When the fast ends, gradually reintroduce foods into your diet. You may drink a mostly liquid diet for the day after the fast before moving back to solid foods. Eat these in small quantities for a while to avoid upsetting your stomach.
Fasting and Breastfeeding Risks
We’ll reiterate what we said in the section about fasting while pregnant. If you start to feel sick, dizzy, weak, or you get severe headaches, then stop your fast immediately. You could be dealing with these potentially dangerous side effects of fasting while breastfeeding.
Lack of Breast Milk
Whether you fast or not, it’s crucial you keep up on your fluids so you can continue nursing. After all, although it’s called breast milk, it’s comprised almost entirely of water, as 90 percent of the milk is H2O. Without enough water in your system, you may not produce as much breast milk.

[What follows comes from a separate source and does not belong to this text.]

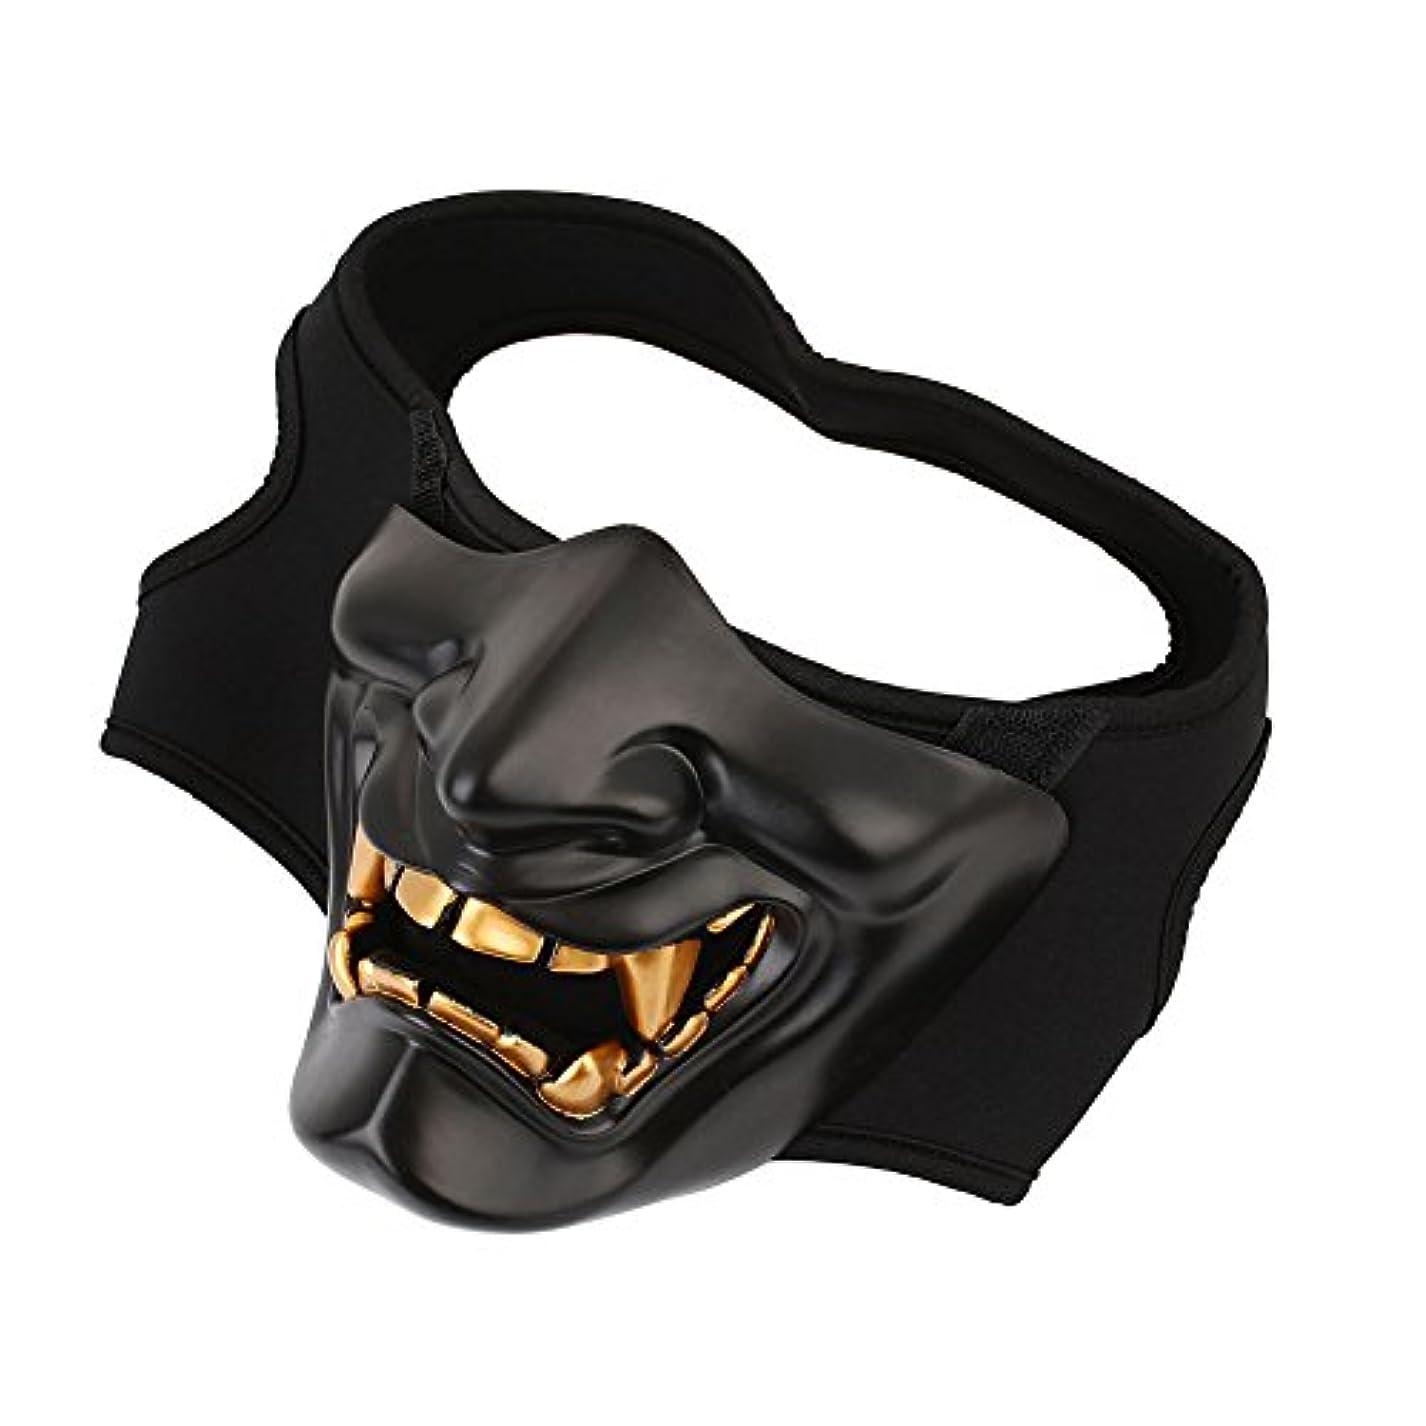 として禁止する新年Auntwhale ハロウィーンマスク大人恐怖コスチューム、悪魔ファンシーマスカレードパーティーハロウィンマスク、フェスティバル通気性ギフトヘッドマスク - ブラック

This could put your newborn at risk since they no longer have anything to feed on. Skipping breastfeeding isn’t the best idea, either, as your baby’s risk of having allergies and asthma may go up if you don’t nurse. Also, babies who spend the first six months of their lives nursing deal with fewer respiratory illnesses and ear infections.
Dehydration
As if the act of giving birth isn’t strenuous enough, since you’re producing so much breast milk, your body uses a lot of water. The newborn also feeds on the breast milk several times a day, as we said, thus depleting your supply of water even further.

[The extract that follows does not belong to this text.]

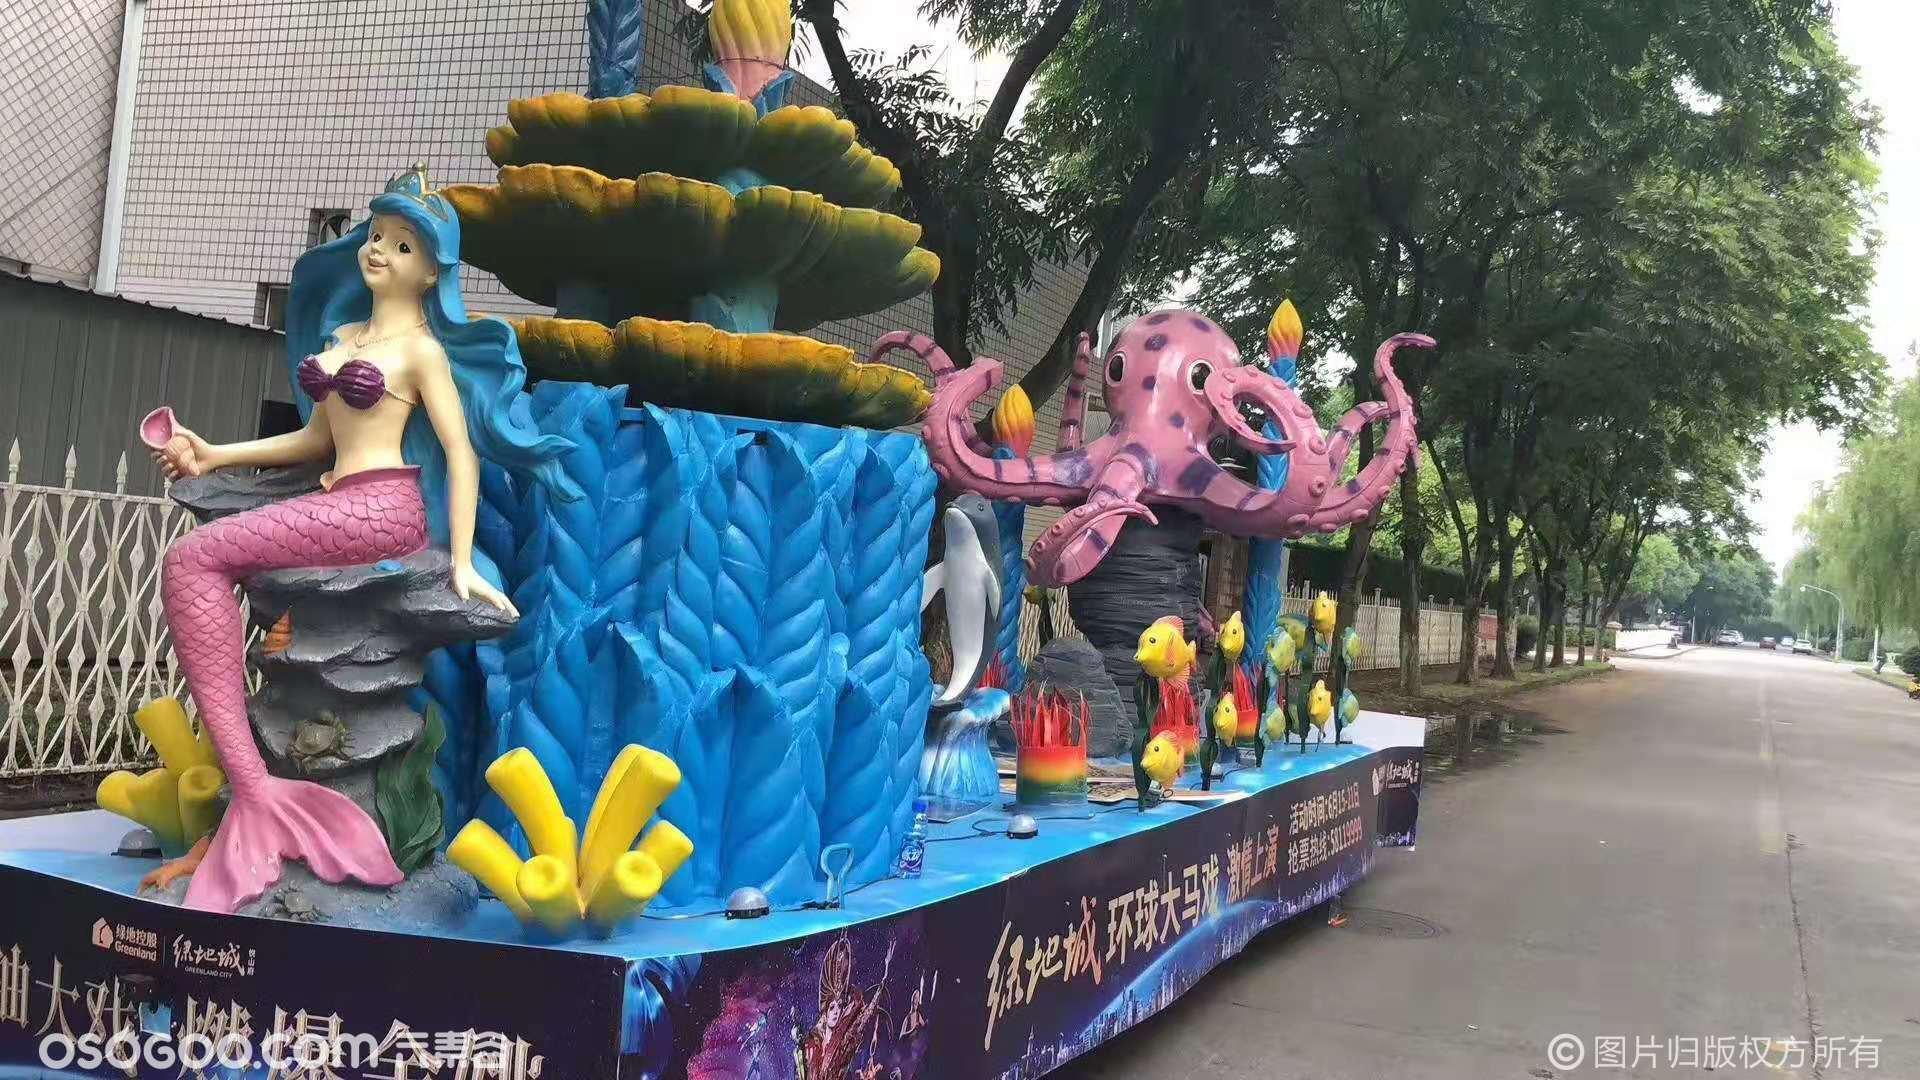 迪士尼巡游花车活动展示 出租海洋主题花车 海洋花车租赁公司

Any fast in which you can’t drink water or other fluids is not recommended when breastfeeding, such as a hard dry fast. Dehydration can lead to symptoms like dizziness, dry skin, headaches, low-volume urine, exhaustion, and dry mouth. In the worst cases, it can be fatal.
Less Nutritious Breast Milk
Breastfeeding and parenting resource KellyMom.com mentions in an article that several studies have confirmed that breast milk changes after a fast. There are biochemical alterations, plus, the milk may not have the same nutrient quality compared to breast milk from a woman who didn’t fast. For example, your breast milk may lack as much potassium, magnesium, and zinc.

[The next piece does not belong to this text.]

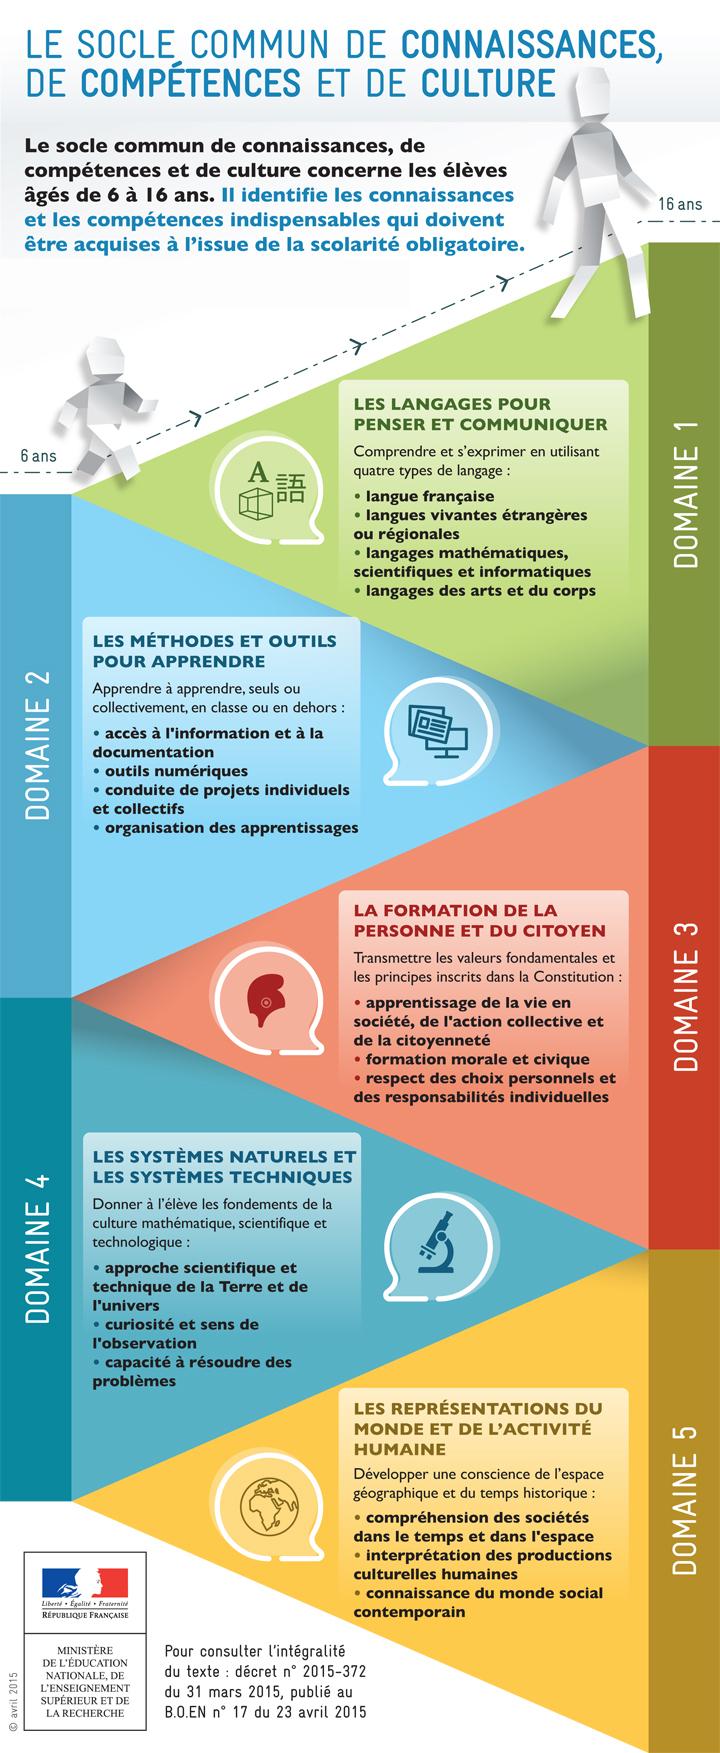 INFOGRAPHIE - LE SOCLE COMMUN DE CONNAISSANCES, DE COMPÉTENCES ET DE CULTURE

While it appears that very short fasts and ones that don’t deprive women of water won’t affect the quality of breast milk, longer fasts may.
Conclusion
If you’re pregnant or breastfeeding and thinking of trying an intermittent fast, we’d recommend you wait. While fasting can be beneficial for a healthier lifestyle and a trimmer you, there are many risks associated with fasting while carrying a baby and immediately after.
Those who have no choice but to fast, such as for a religious observance, should work closely with their doctor to maintain their health pre-and-post-fast.